[DATASET EXCERPTS]
---
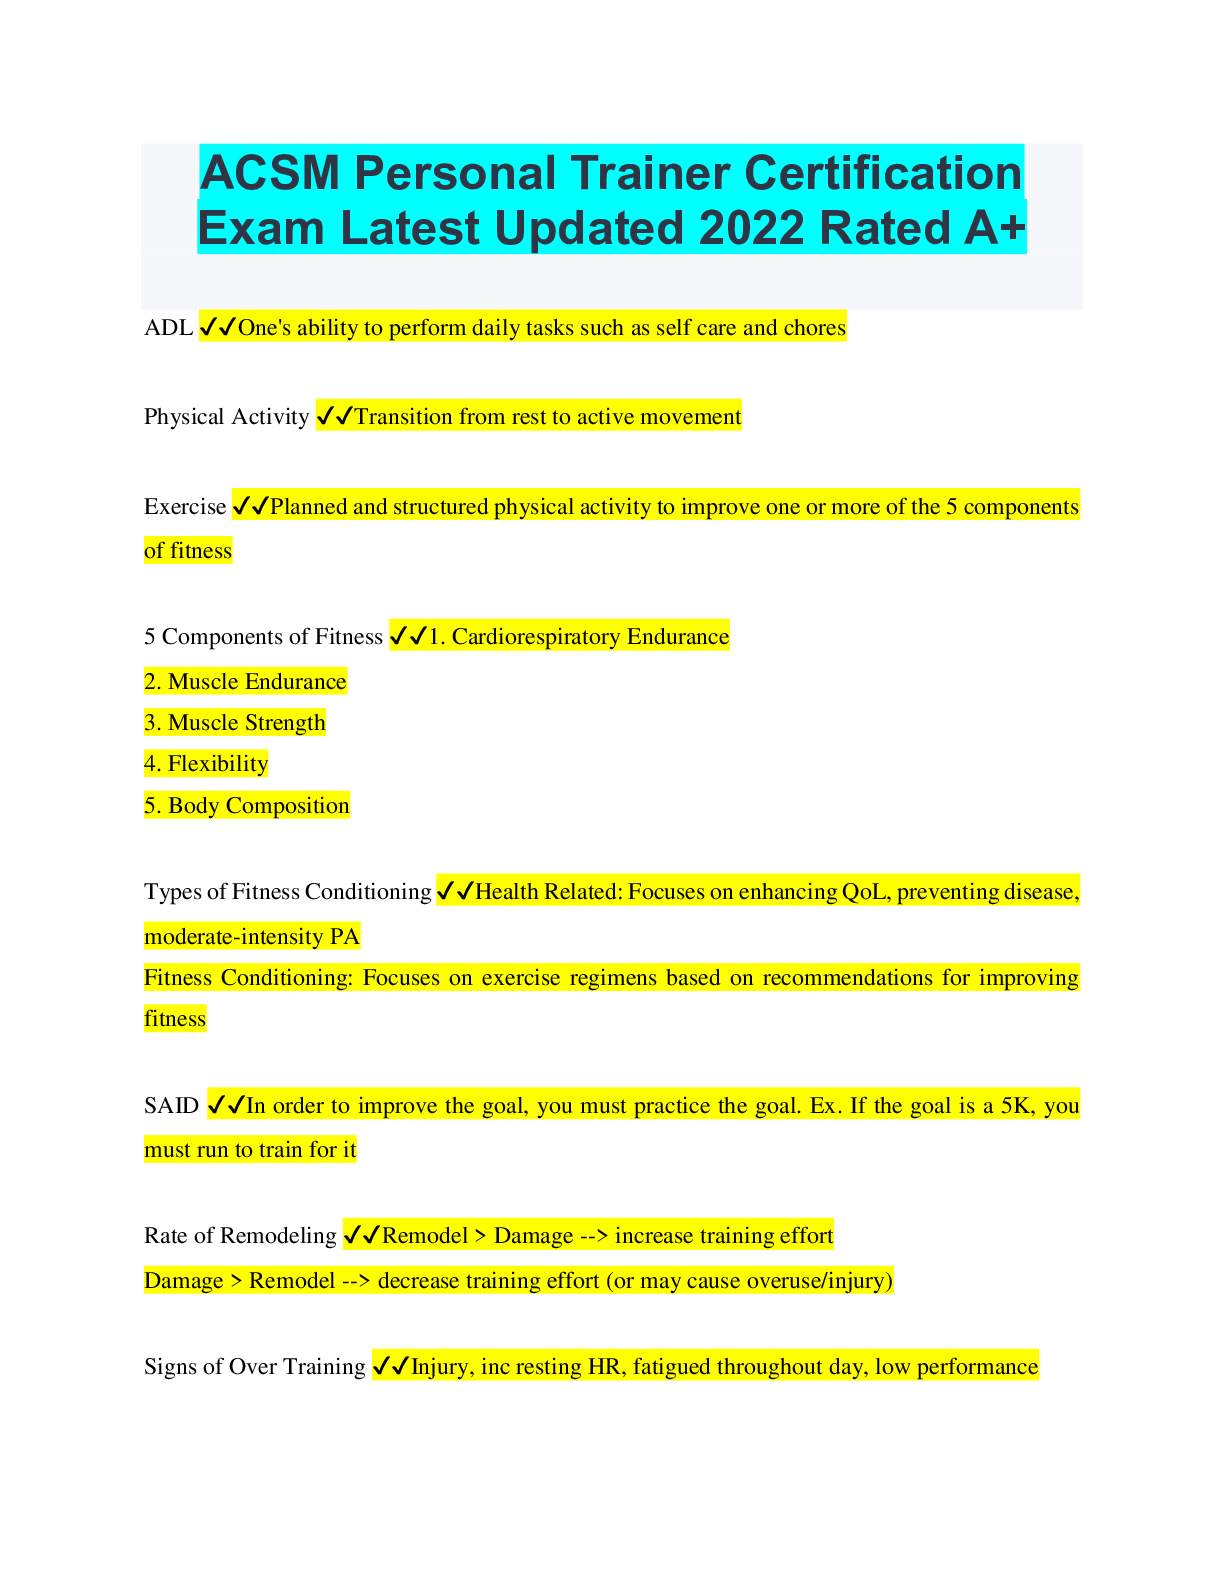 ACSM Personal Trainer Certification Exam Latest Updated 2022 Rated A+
---
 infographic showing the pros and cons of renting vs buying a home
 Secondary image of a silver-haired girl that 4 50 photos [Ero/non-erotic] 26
---
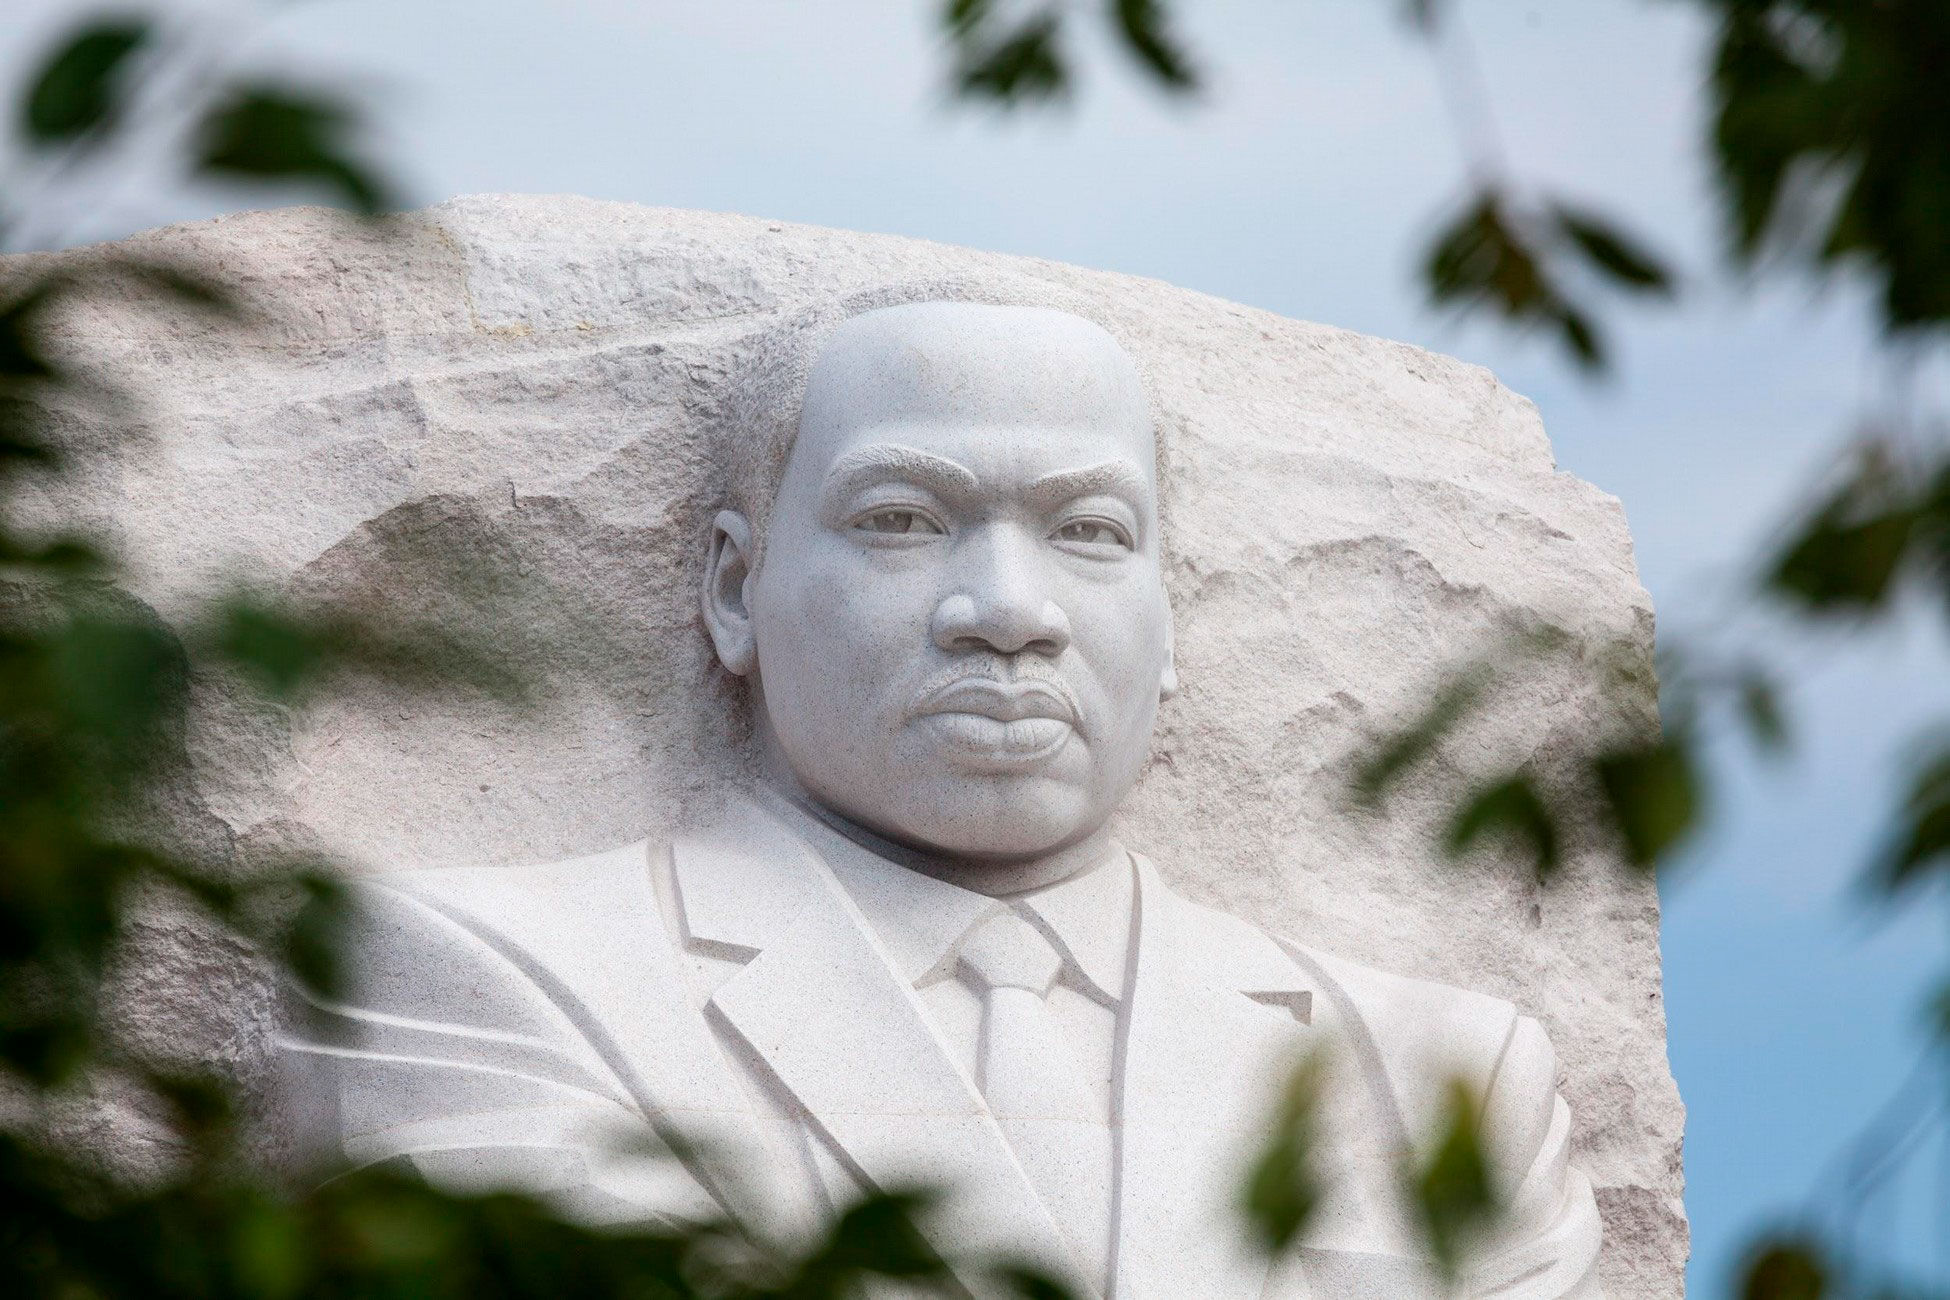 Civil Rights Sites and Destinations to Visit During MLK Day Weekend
---
[WHAT THIS TASK INVOLVES] Everything in the material above from the line that has "infographic showing the" through the line that has "Secondary image of" must be duplicated exactly, with no other lines given.

[RESULT OF THE TASK]
 infographic showing the pros and cons of renting vs buying a home
 Secondary image of a silver-haired girl that 4 50 photos [Ero/non-erotic] 26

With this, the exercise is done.